Three Books About New Baby Siblings

So... have I mentioned we've got a new baby on the way? Yeah? Once or twice? 

We've got a new baby on the way. And Matilda knows all about it (things she can tell you about babies: they cry; they learn to crawl; they can't talk yet; her baby is growing in my tummy; it's nice to hold their hands when their parents go to the toilet; they're - universally - cute).

Despite this wealth of knowledge (that was originally written in a sarcastic tone but, to be fair, it's about as much as either Steve or I knew when she was born), we wanted to get a few books to help her understand what was going on. The trouble is: I'm fussy about kids' books. They have to not only explain the concept; they have to look good doing it. Which, frankly, rules out most of the New Baby Sibling shelf.

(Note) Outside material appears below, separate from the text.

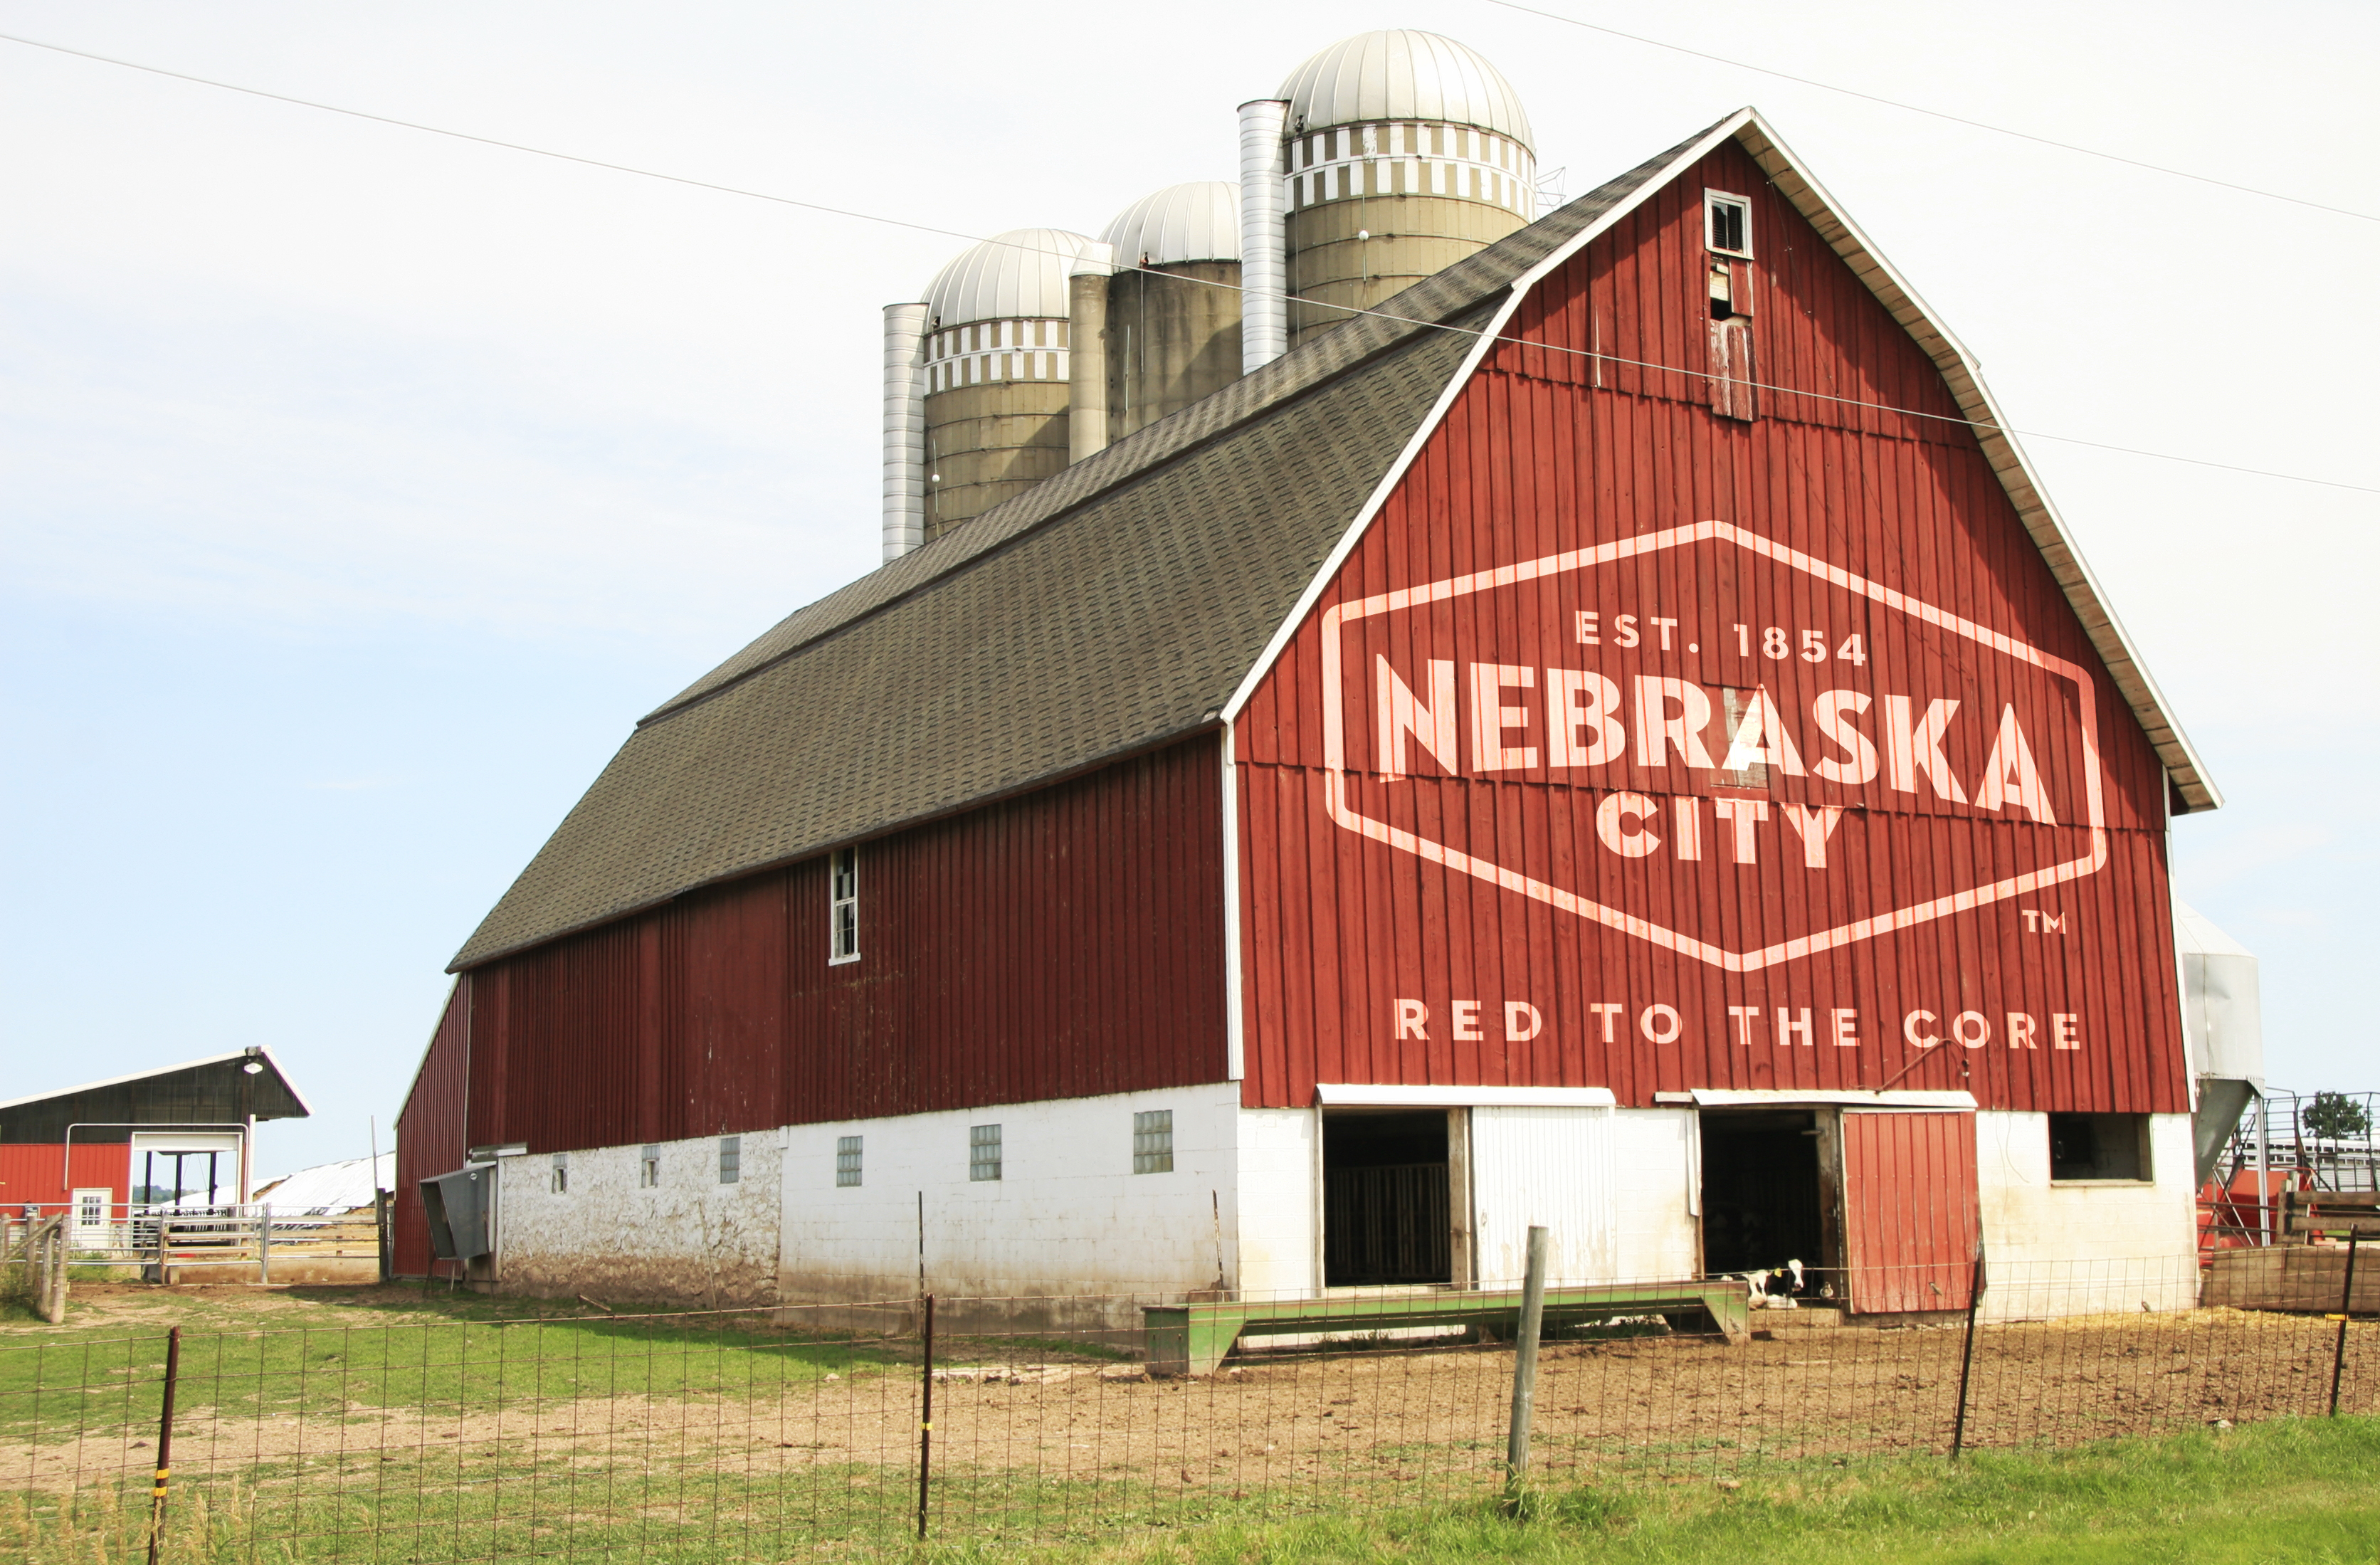 Nebraska City logo on barn

So, here's what we chose (Matilda loves all three of them):

Books About New Baby Siblings

Hello In There! by Jo Witek and Christine Roussey

A lift-the-flaps book - always a winning option!

On the left of each double page spread is a picture of the mother's increasingly large tummy, with a flap you can lift to see the baby (just a baby - no umbilical cord or placenta or anything); on the right is a little girl, singing and chatting to her new sibling about how excited she is to meet them and all the fun things she's looking forward to doing with them.

There are downsides to this book: it does say it's for "a big sister" which might put the parents of big brothers off buying it; some of the things the big sister is keen to do with the baby aren't going to happen immediately after the birth; and I'm not entirely comfortable with the big sister making herself pretty in front of the mirror while she waits for the new baby to come home.

On the other hand, it's nice to read something about an older sibling feeling excited rather than jealous; I love the "we are already family" sentiment; and Matilda absolutely adores lifting the flaps and shrieking, "It's a baby!" every single time.

Books About New Baby Siblings

Snuggle the Baby by Sara Gillingham

I bought this because we have and love all of the empowerment series books Sara Gillingham illustrated (they're written by Stephen Krensky) so, quite simply, I knew it was going to look good - but it's also a lovely book and lots of fun for little kids.

First up: it's completely unisex. All of the babies pictured are in gender neutral clothing and are referred to as "my baby" rather than by sex, so it's suitable regardless of your children's sexes as well as ticking my feminist boxes.

Secondly: there's no judgement in it. For example, it says that some babies drink milk from their mums and some from bottles. I'm all for books which don't make mothers feel bad.

Thirdly: it's fun! Your kid can - amongst other things - tickle the baby, change the baby's nappy and tuck the baby up in bed. Incredibly tedious for grown ups who have to sit through all of these actions twenty times in a row, but brilliant for small children.

The only downside, for me, is that it's in American English so we have to change some of the words ("nappy" instead of "diaper" etc), but we're getting used to doing that with a lot of cute kids' books...

Books About New Baby Siblings

Topsy and Tim: The New Baby by Jean and Gareth Adamson

Okay, let's face it: this isn't exactly the most beautiful, innovative book about new babies you're ever going to pick off the shelf. But it's Topsy and Tim. They're staples of British childhoods, and Matilda's a big fan of the TV show (also of the one Topsy and Tim book in our local library - the one about the twins catching nits).

Anyway, Tony Welch is becoming a big brother. The twins get to feel the baby kicking, help prepare the nursery, and then excitedly meet the new baby; Tony, meanwhile, is given a toy car, feels a bit jealous of the baby and then helps to give him a bath.

It covers most of the basics in a straightforward way, giving you a chance to talk about any aspects which are of particular interest/relevant (hello, jealousy) to your kid. And there's a game at the end.

All three of these books have been on heavy rotation in our house recently; all three of us can recite them all off by heart.

Are there any new baby sibling books you would recommend?